Stuttgart. Porsche Automobil Holding SE, Stuttgart, is in advanced talks on the sale of the cash settled options with respect to Volkswagen shares to one or several investors. Amongst these investors is especially Qatar Holding LLC (QH) with whom talks about an investment in Porsche SE also is underway.

The preparation for the sale of the options on Volkswagen shares leads to a devaluation resulting in a substantial book capital loss. Nevertheless Porsche improves its liquidity situation through the sale of the options structure as it would lead to an inflow of cash in a magnitude of more than one billion Euro, currently serving as cash collateral for the options structure.

Another non cash relevant book loss derives from the initial full consolidation of Volkswagen group. With the increase of the stake in VW to 50.76 percent on January 5 2009 Porsche was obliged to fully consolidate Volkswagen. This triggered a so called Purchase Price Allocation (PPA) under which all assets and liabilities of the part group Volkswagen had to be valued and compared with the price paid for the shares to get to the company’s valuation. This results in a substantial negative impact. Overall the two measures should lead to earnings before taxes for fiscal year 2008/09 of up to minus five billion Euro.

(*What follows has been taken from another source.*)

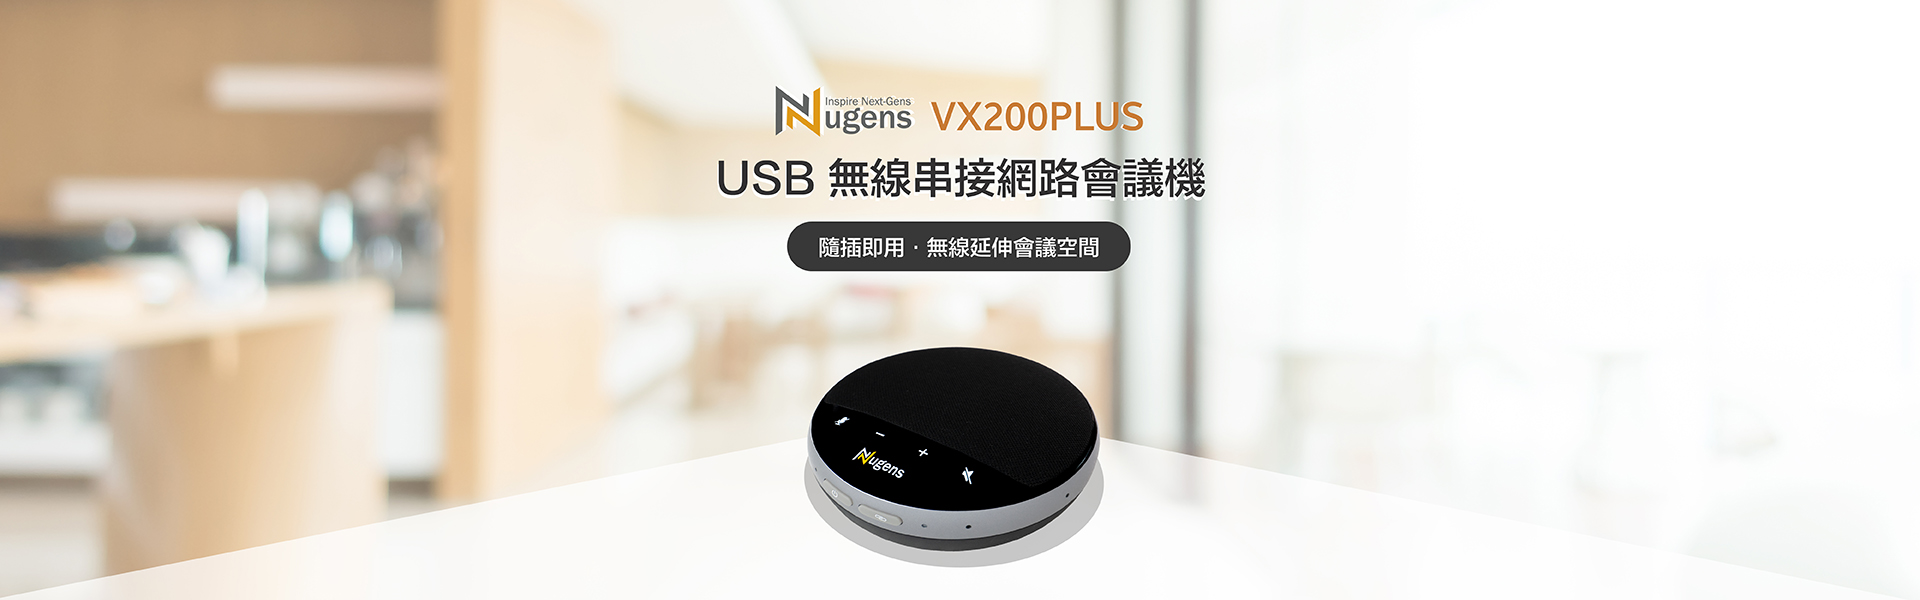 Nugens VX200PLUS USB串接網路會議機Banner
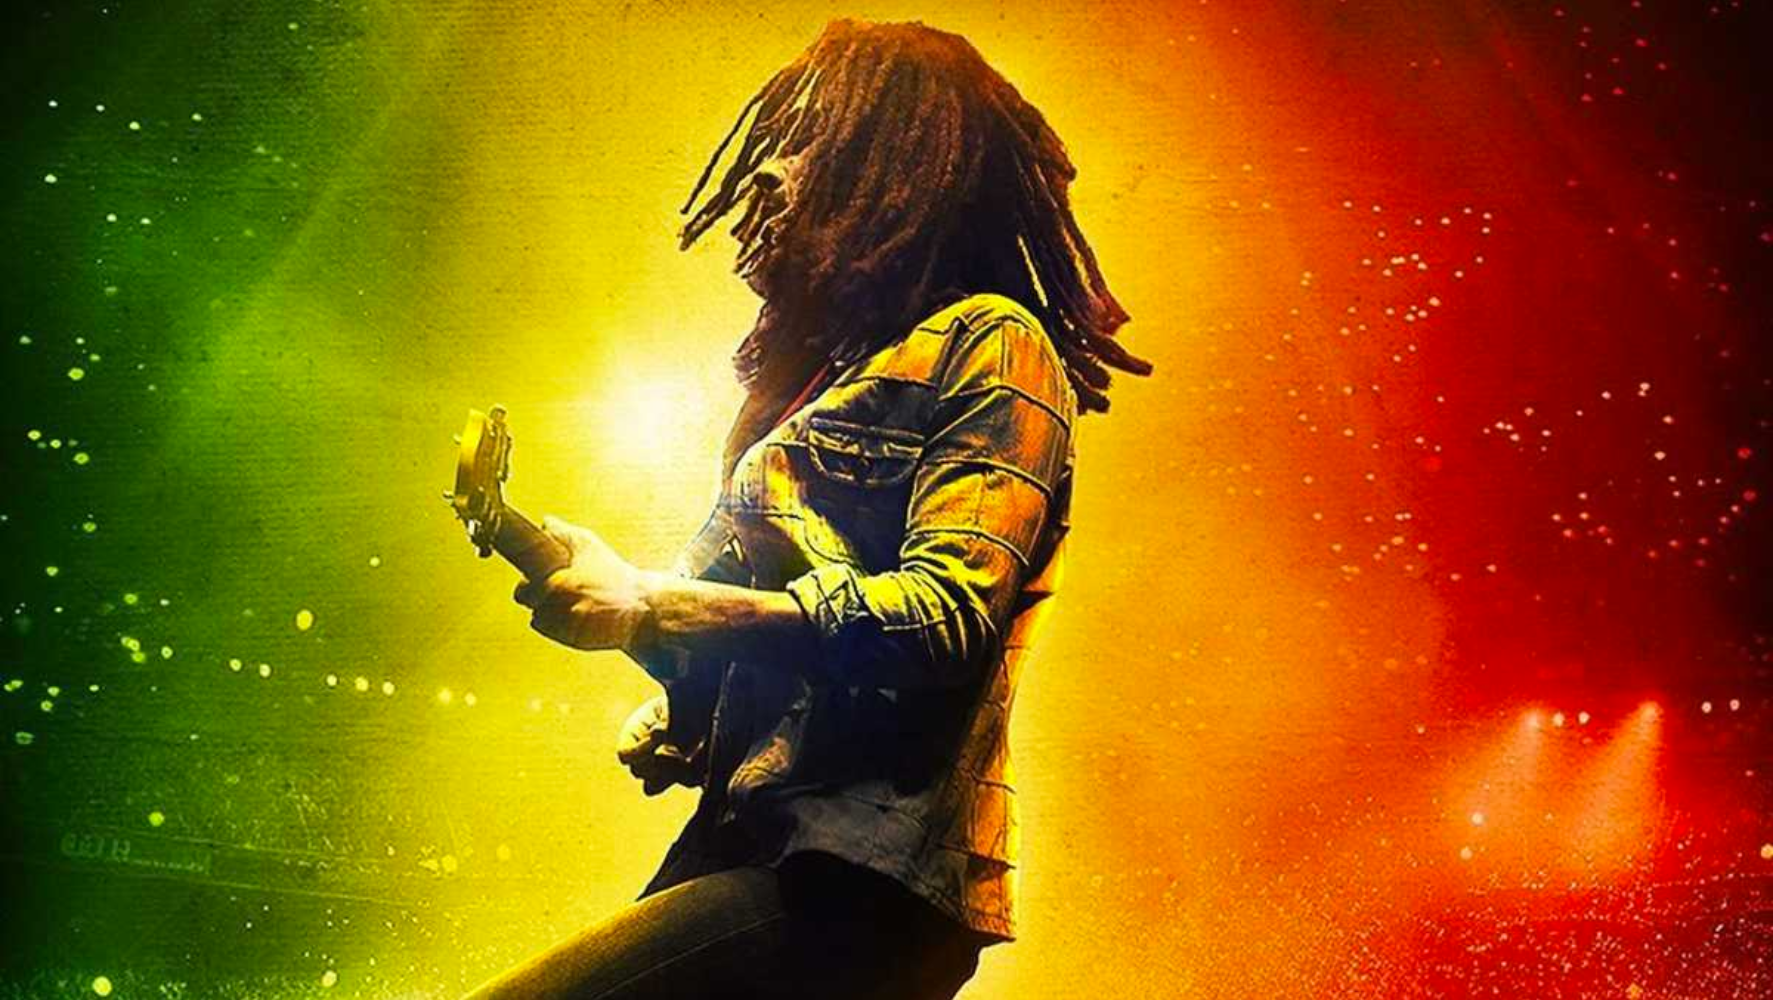 Bob Marley: La Leyenda.

It is important, that the devaluation of the options and the consequences of the PPA are purely accounting related. They do not effect the valuation of the 50.76 percent stake in common shares in Volkswagen AG on Porsche’s balance sheet.

For Porsche SE the big advantage in the devaluation of the options lies in the improvement of liquidity available. Furthermore the equity ratio after these to steps still is a sound 23 percent.